I just got a call from my Monday partner. She didn’t
see me in the Main-Transit Fire Hall Friday or Saturday and she was wondering
if I’m OK. I am, I assured her (as I assured several folks at the tournament during
the Swiss team finale on Sunday, when I finally showed up), but I had to
accompany Monica to Roswell Park Cancer Institute on Friday to talk with a
breast cancer surgeon. And Saturday? Well, she guilt-tripped me into canceling
out.
That
was just as well. It would have been hard to justify spending another day (or
two) playing as poorly as Judie Bailey and I did on Sunday in our return engagement
with Bob Sommerstein and Larry Abate.
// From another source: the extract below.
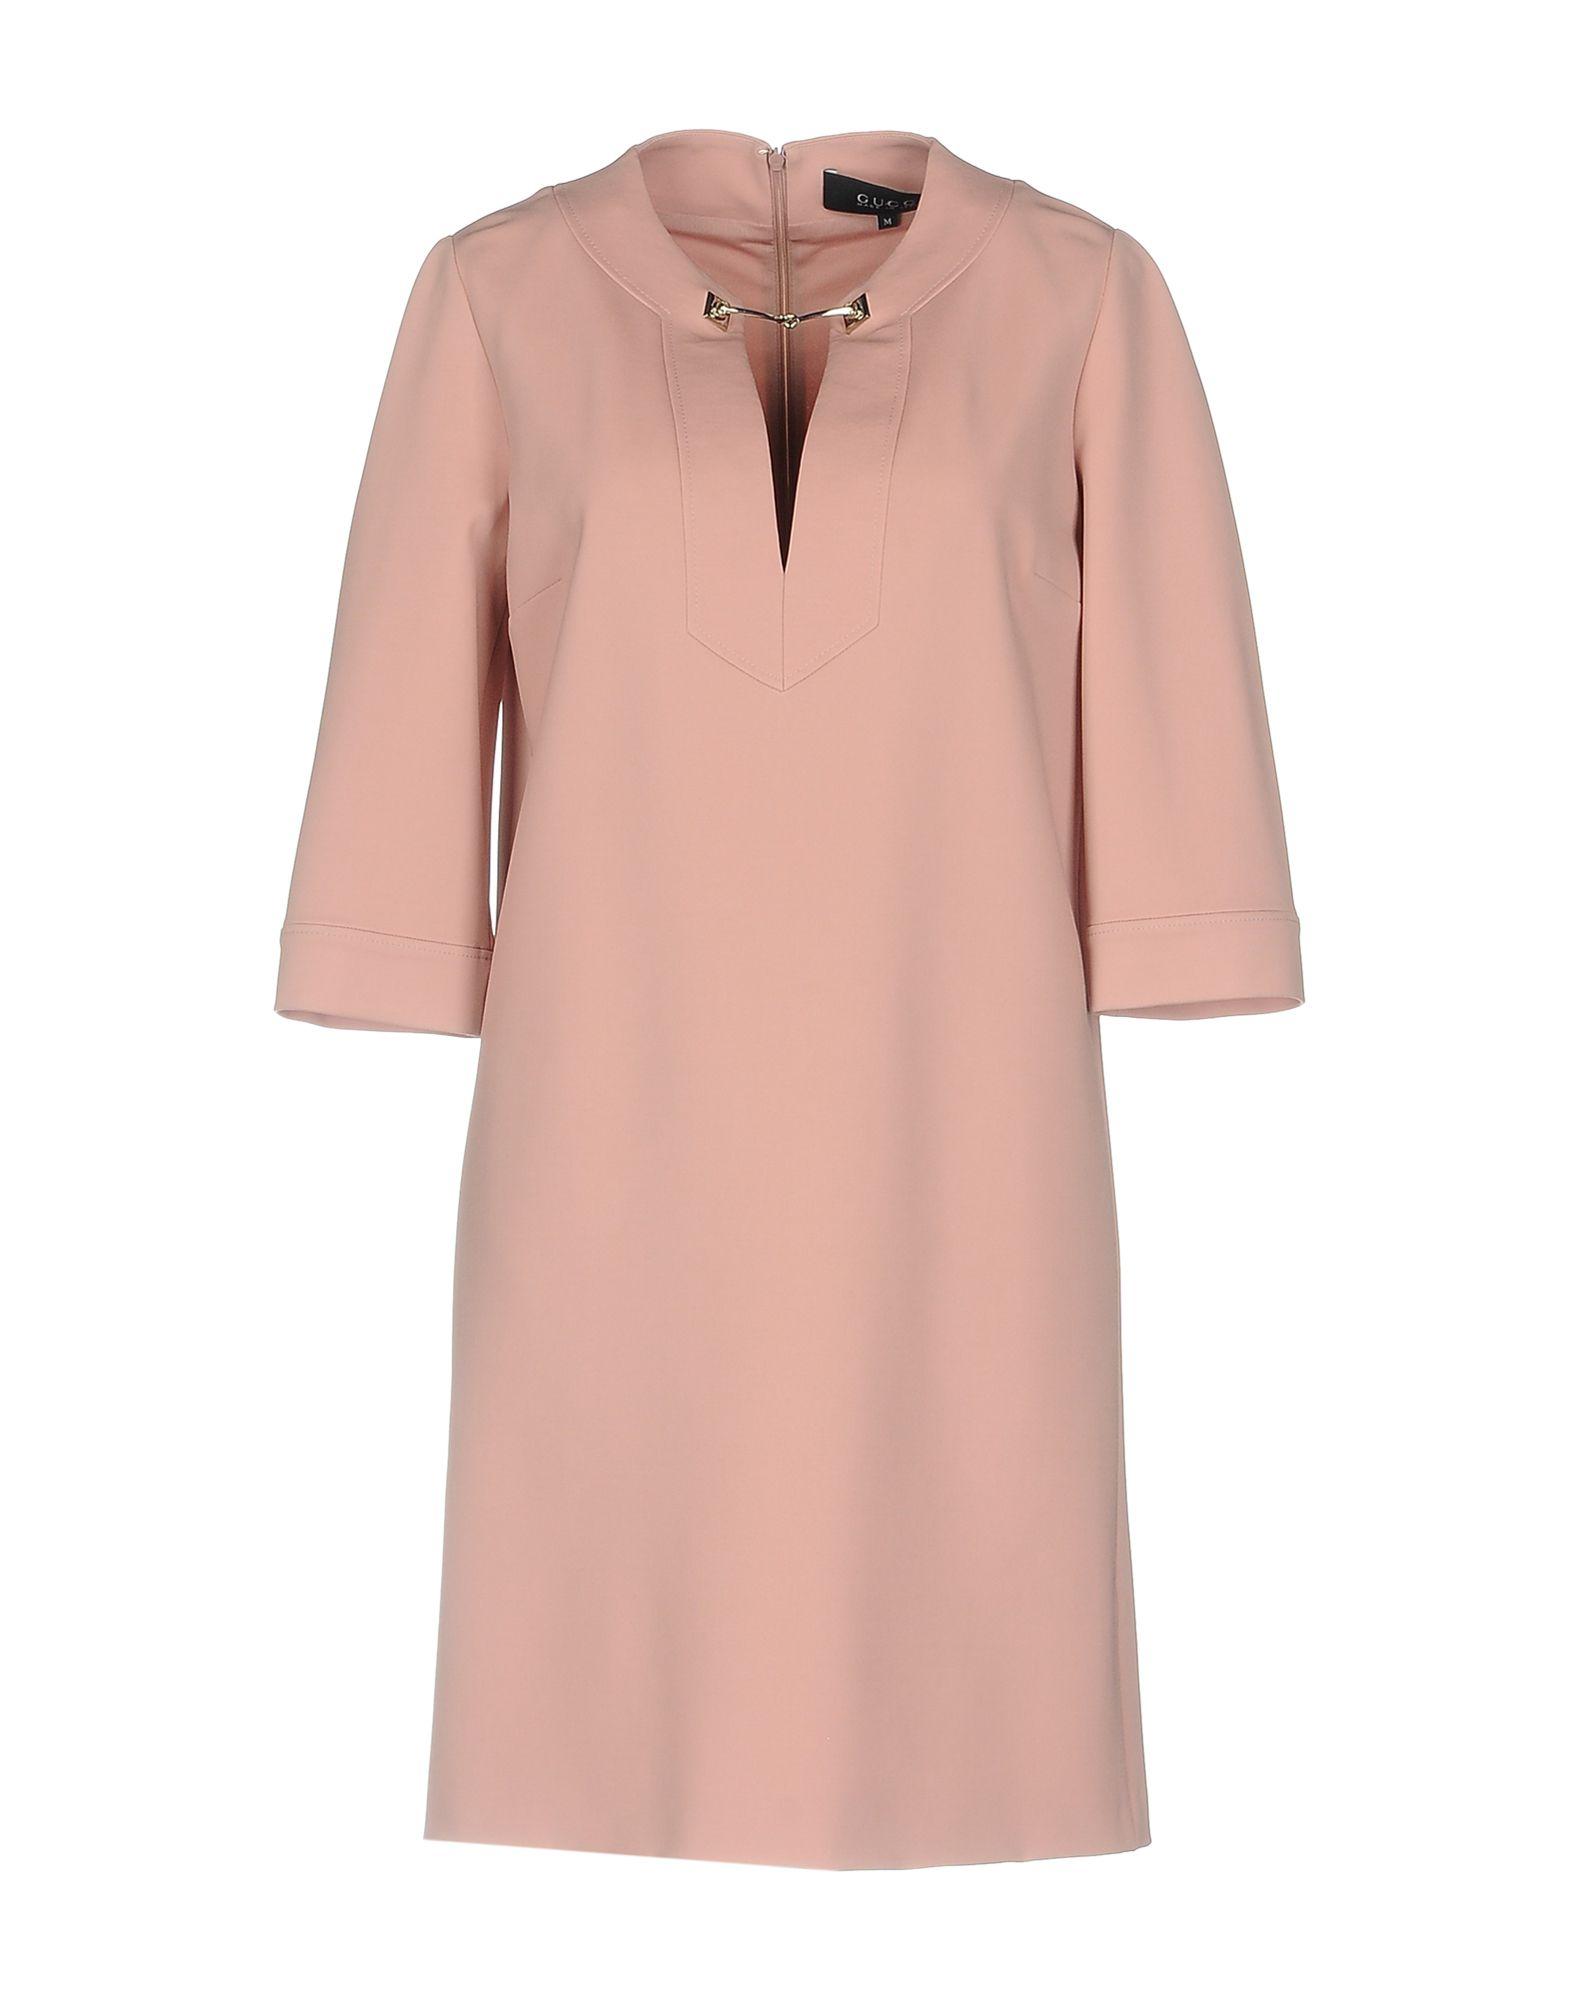 GUCCI Damen Kurzes Kleid Farbe Rosa Größe 5

In the first two rounds, which we lost by
margins of 34-1 and 37-16 International Match Points, we stumbled repeatedly
into disastrous 3 No Trump contracts.
Happily,
we emerged from our funk to capture the next two rounds – defeating the
father-genius 10-year-old son pair and our good friends Betty Metz and Helen Panza. We enhanced
our victorious spirits during the lunch break with thoughts of how we could
still take home extra master points by winning the last three rounds.
That dream
faded quickly. We might have beaten the Chip Kean-Jim McClure team if they hadn’t
beaten Judie on a 3 NT contract that their teammates were able to consummate
with an overtrick. Nothing, however, could have turned the tide in a 36-0
drubbing at the hands of the Kozower-Kaprove team. And our teammates zigged on
slams in the final round when they should have zagged, overbidding to slam on
one hand that wouldn’t make it, underbidding on the one that would – setting us
back 24 IMPs in a game we lost 28-17.
Nevertheless,
this day of Swiss team play wasn’t a total loss. Our two winning rounds were
worth 0.29 of a silver point apiece.
Random
notes: Betty Metz announced in her welcoming remarks that this was a
record-tying turnout for Swiss teams – 25 foursomes. Winners, best as I could
determine, were a group of out-of-towners.
Director
Brian Meyer, setting a time after which he would not allow players to begin a
new hand, got the game over by 5 p.m. by maintaining 50-minute rounds (although
tables were being folded up all round Judie and me as we finished a dismally
slow final round against Jan and Carl Hasselback). Brian also broke in yet
another family member as a caddie – his 11-year-old son, Jackson.